═══ Provided records ═══
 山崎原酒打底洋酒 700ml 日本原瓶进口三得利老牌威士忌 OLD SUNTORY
═══
═══ Provided records ═══
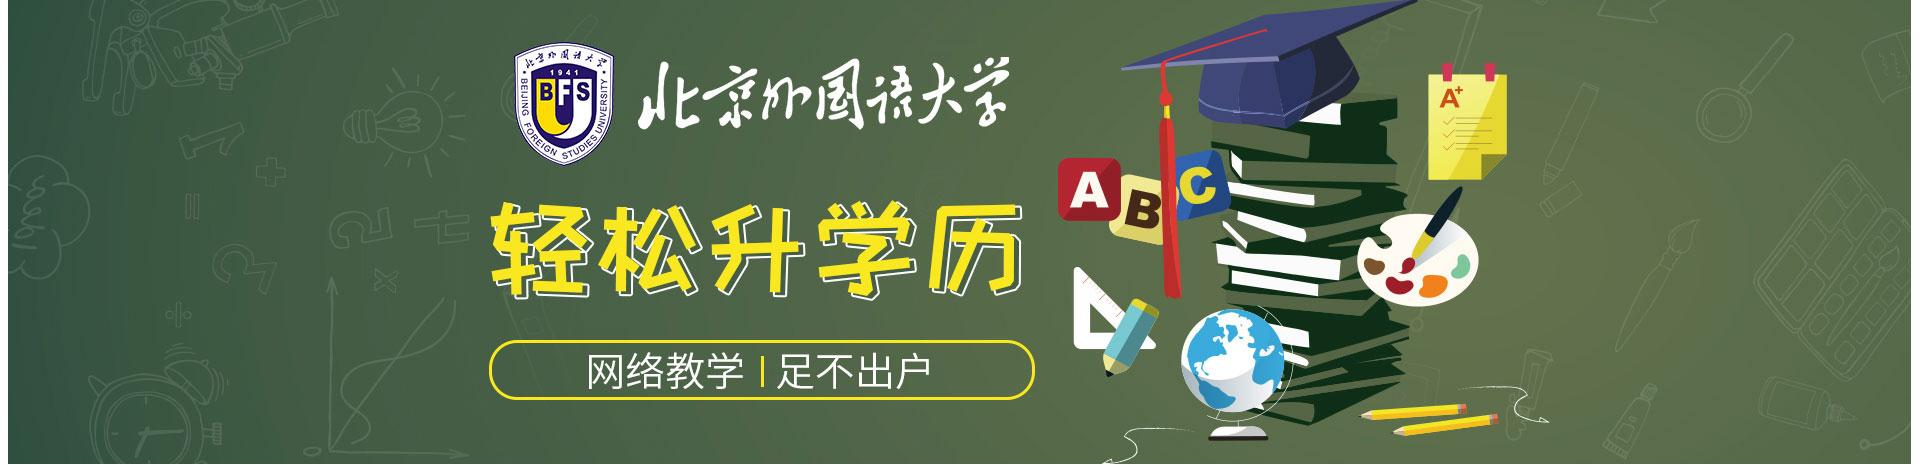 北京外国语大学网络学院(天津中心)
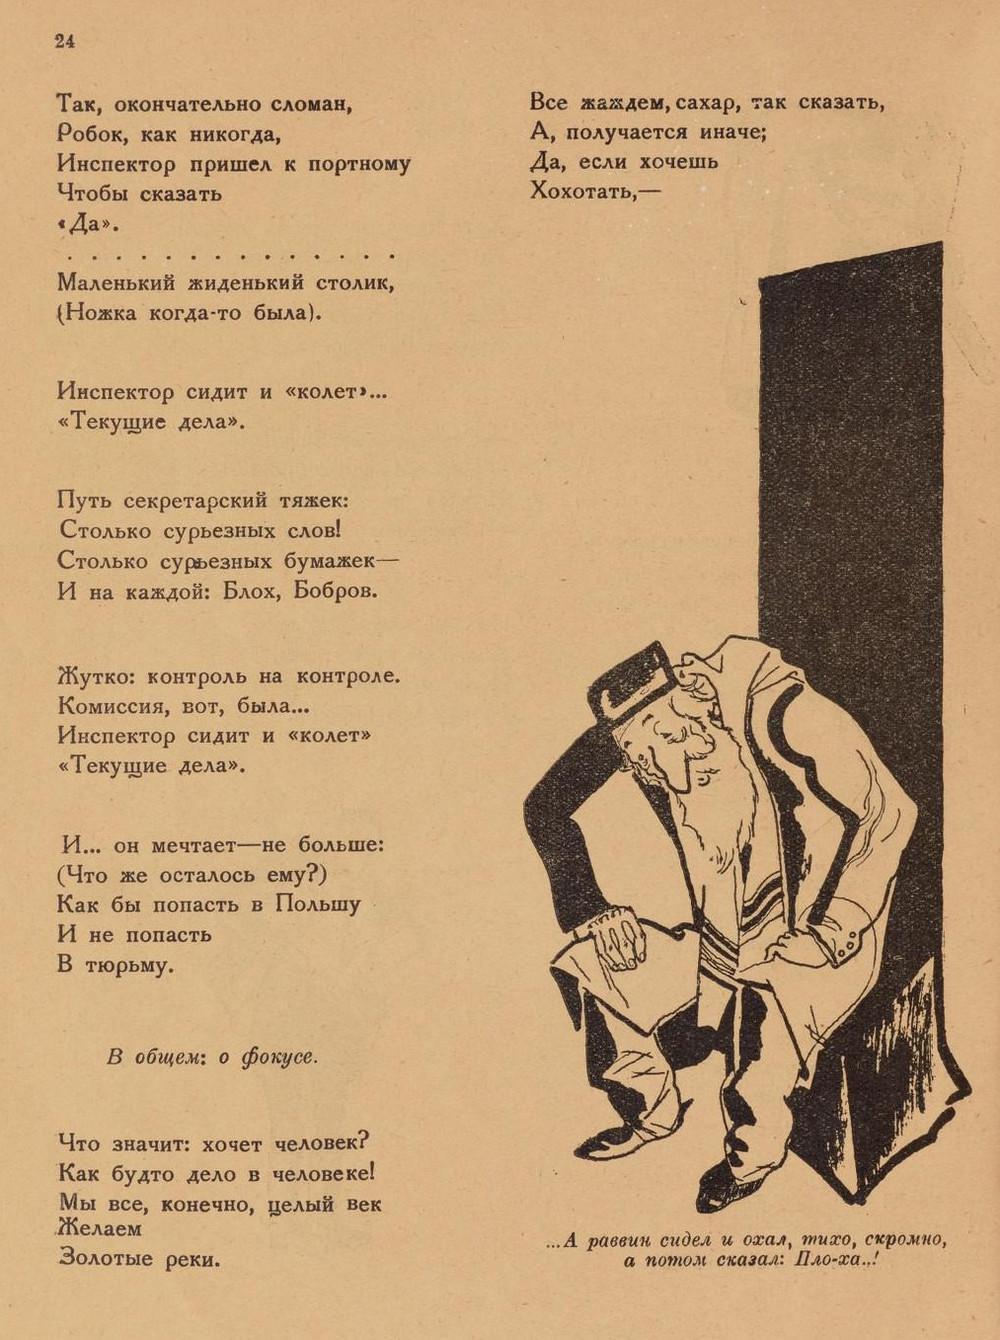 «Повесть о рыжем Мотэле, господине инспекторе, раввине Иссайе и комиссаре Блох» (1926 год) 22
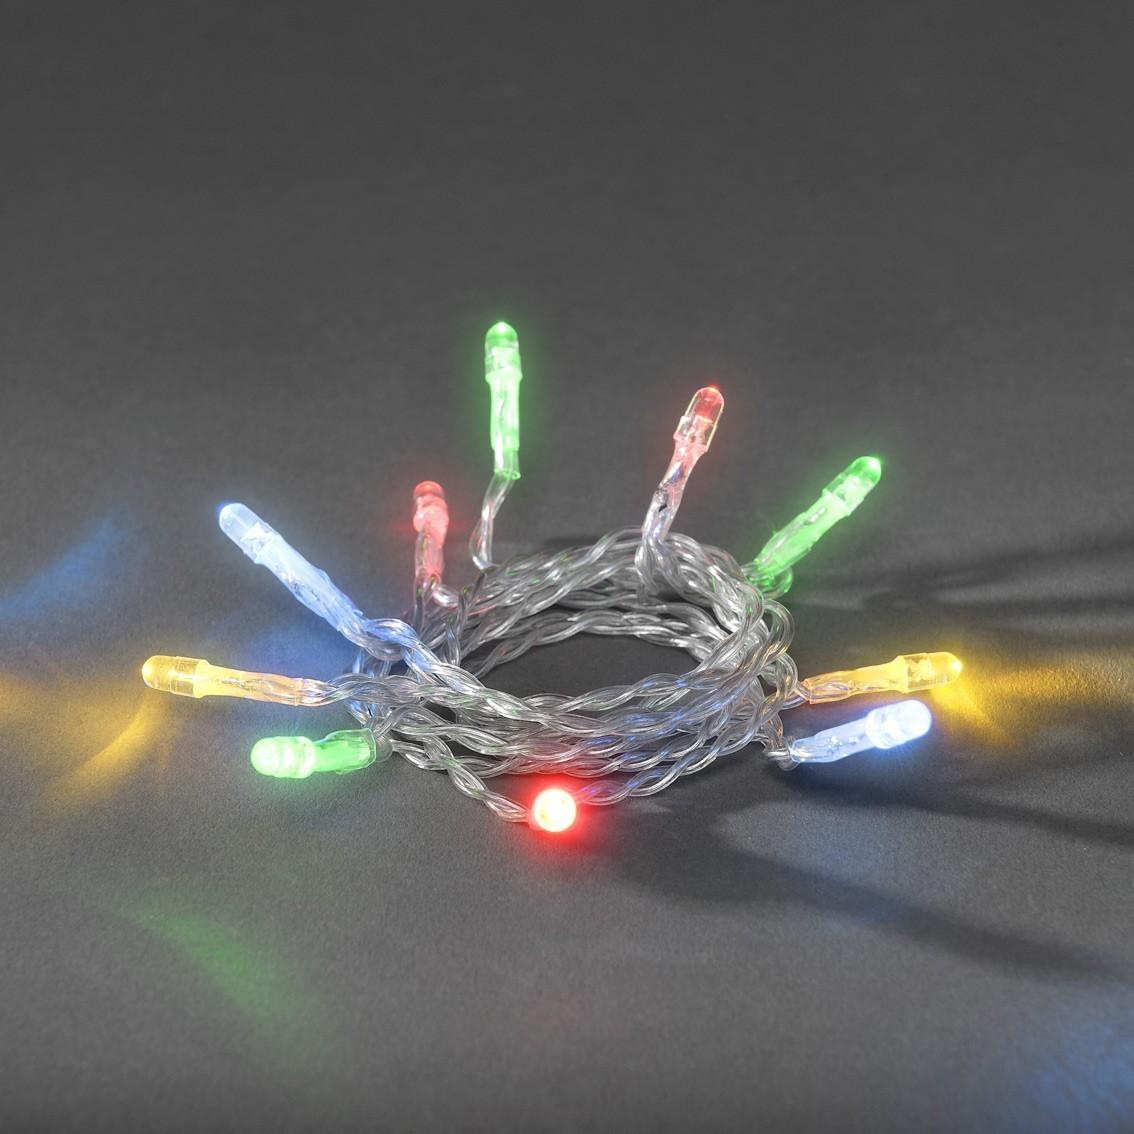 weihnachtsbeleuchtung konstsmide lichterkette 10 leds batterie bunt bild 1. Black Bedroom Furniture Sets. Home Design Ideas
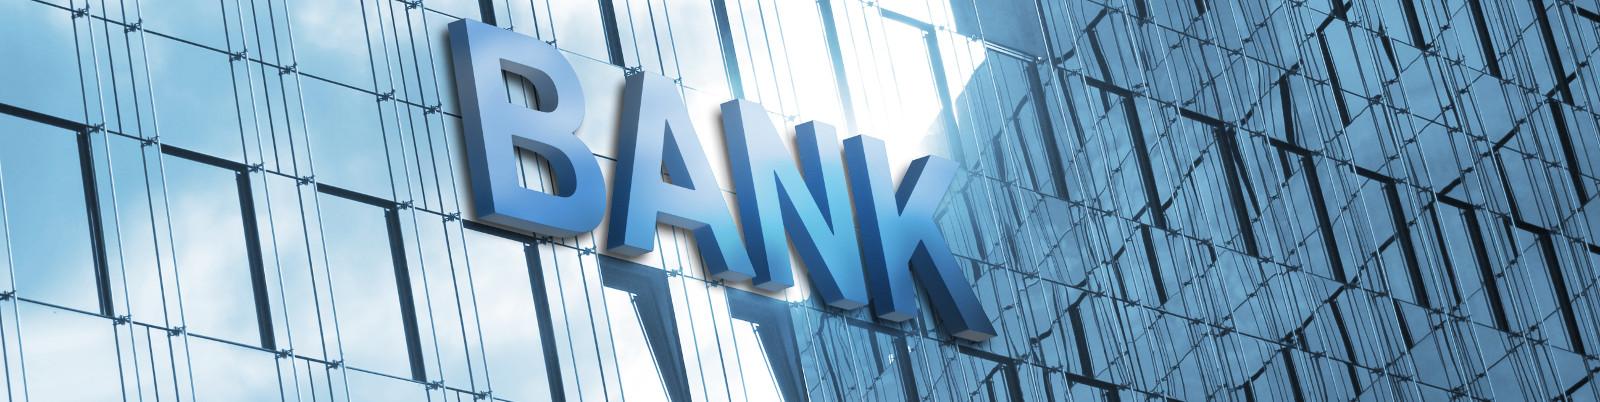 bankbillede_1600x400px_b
═══
═══ Provided records ═══
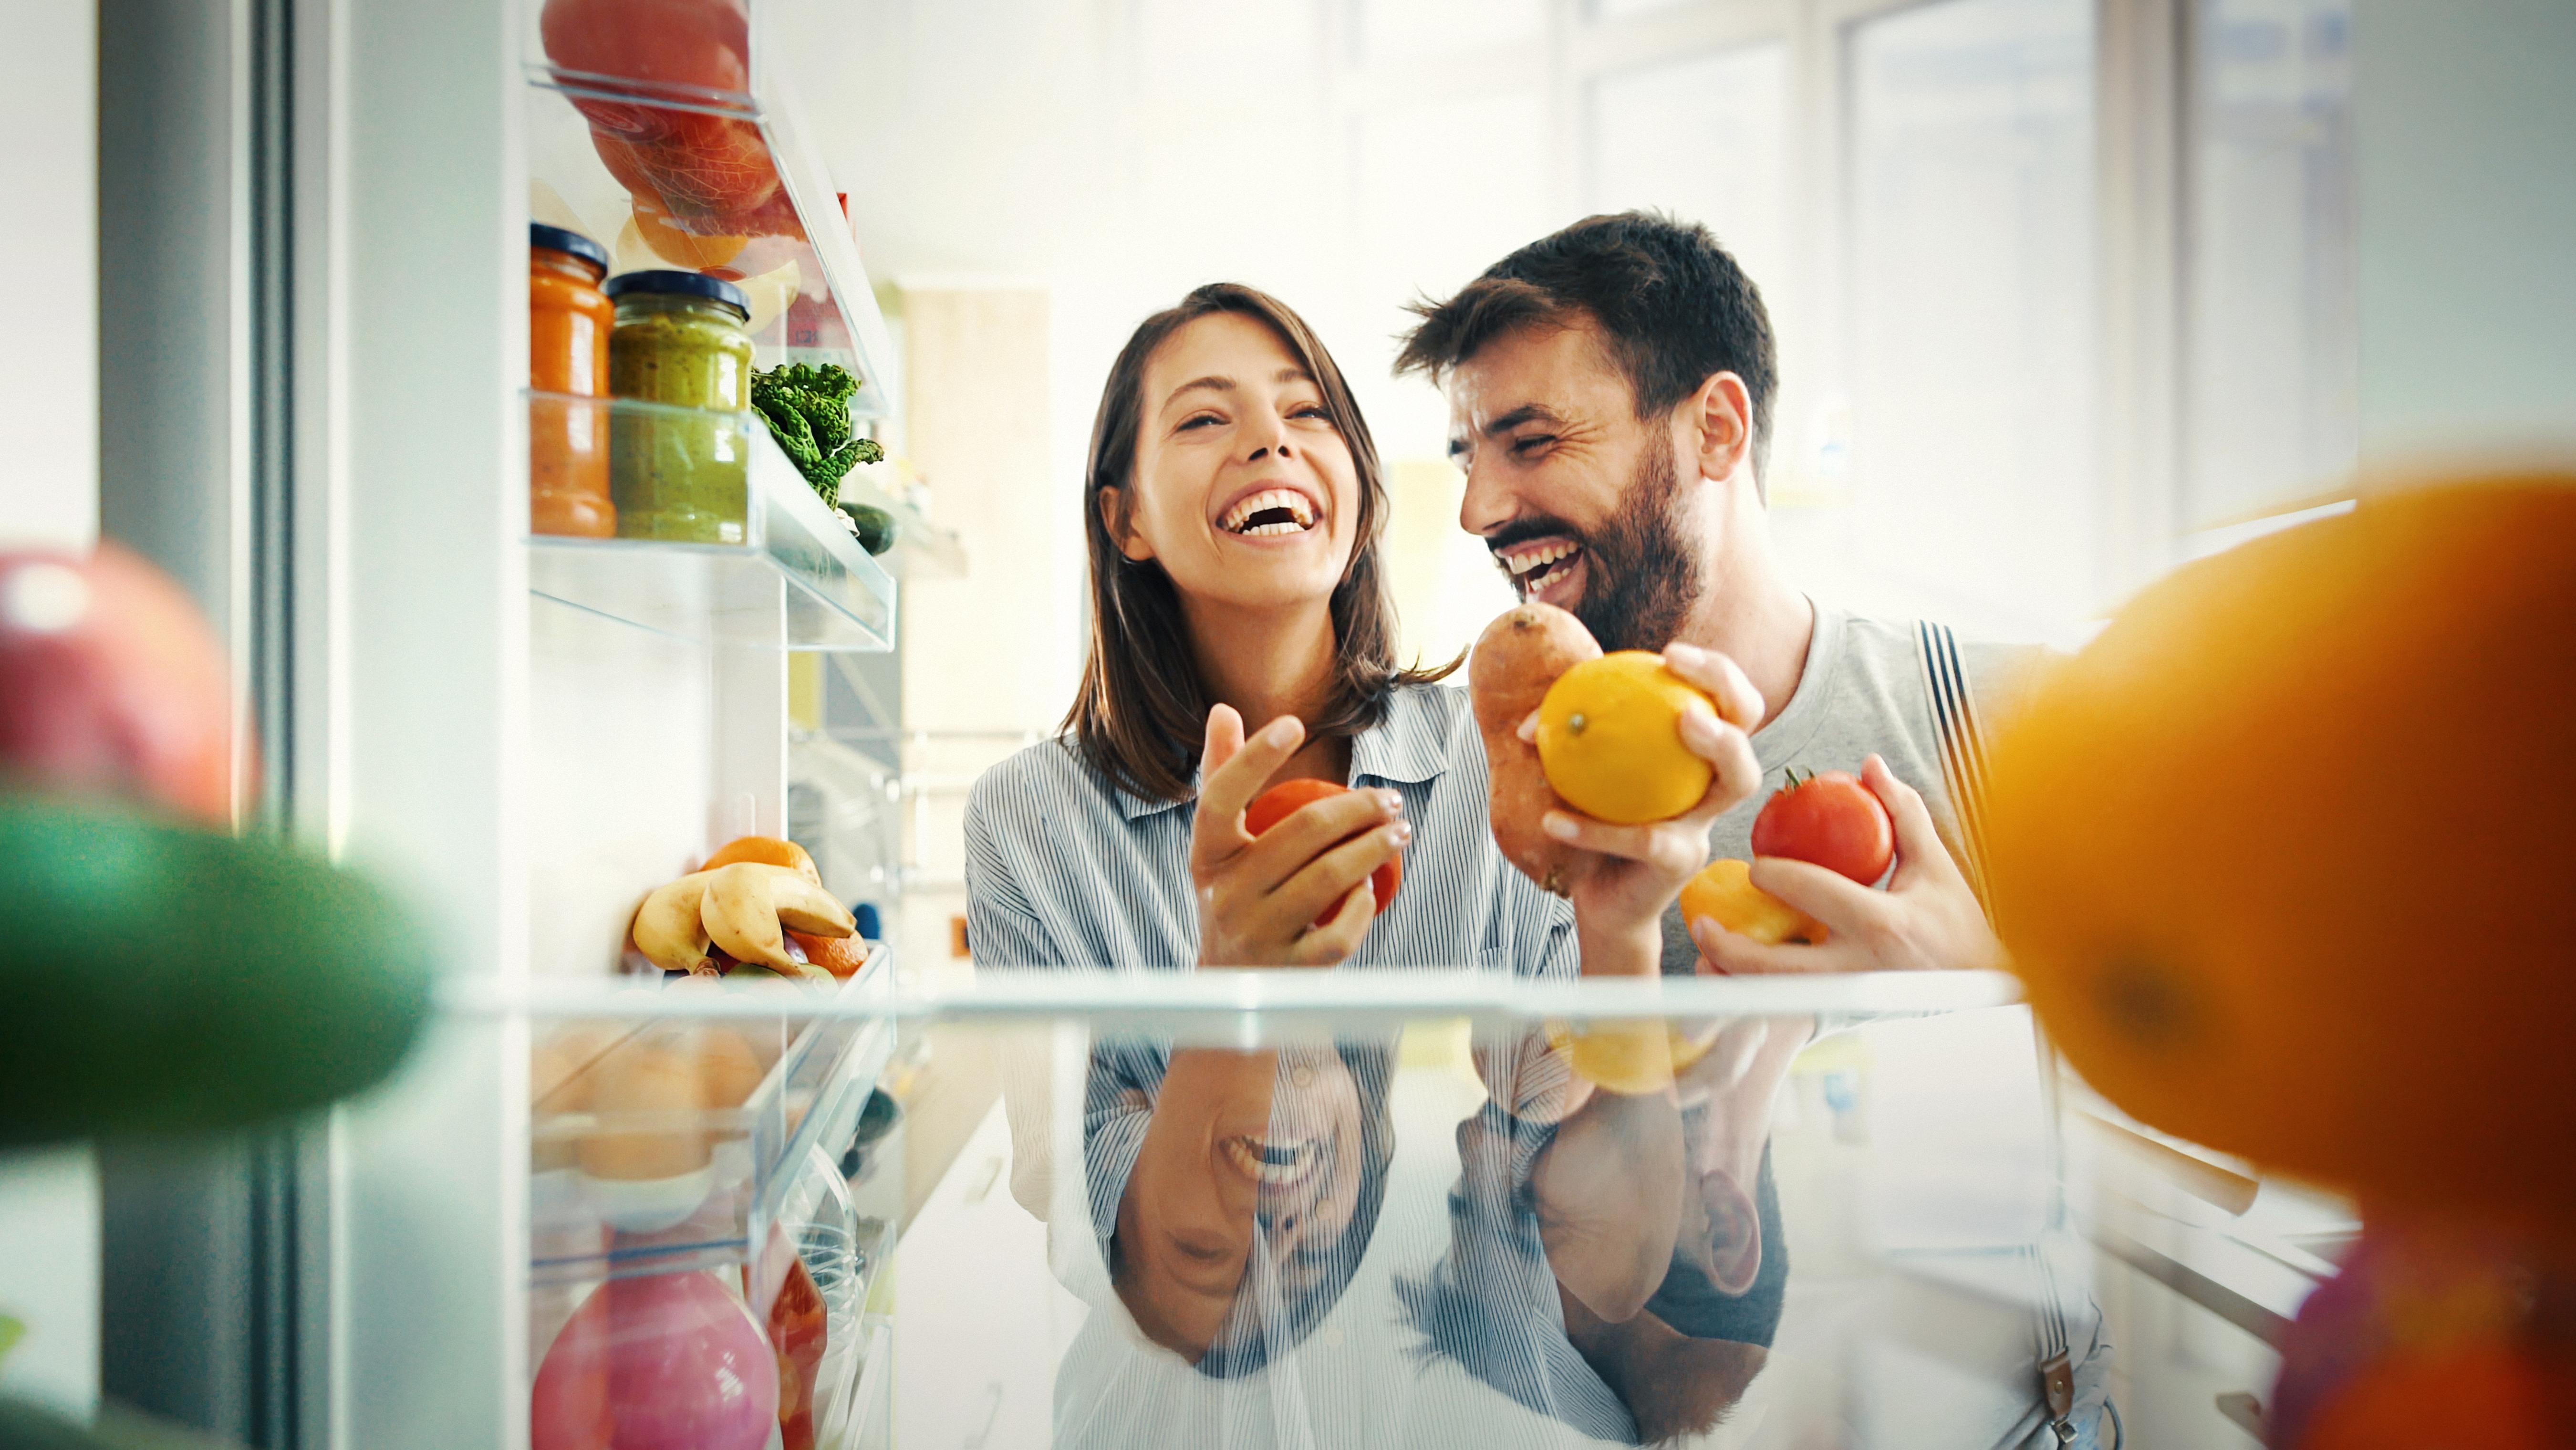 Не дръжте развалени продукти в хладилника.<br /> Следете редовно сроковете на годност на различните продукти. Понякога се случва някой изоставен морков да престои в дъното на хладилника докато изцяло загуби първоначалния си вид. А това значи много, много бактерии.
═══
▸ **What is expected**
Only one part of the material above is wanted: the lines from the one with "weihnachtsbeleuchtung konstsmide lichterkette" up to and including the one with "bankbillede_1600x400px_b". Please copy them exactly, pictures left out.

▸ **Solved exercise**
 weihnachtsbeleuchtung konstsmide lichterkette 10 leds batterie bunt bild 1. Black Bedroom Furniture Sets. Home Design Ideas
 bankbillede_1600x400px_b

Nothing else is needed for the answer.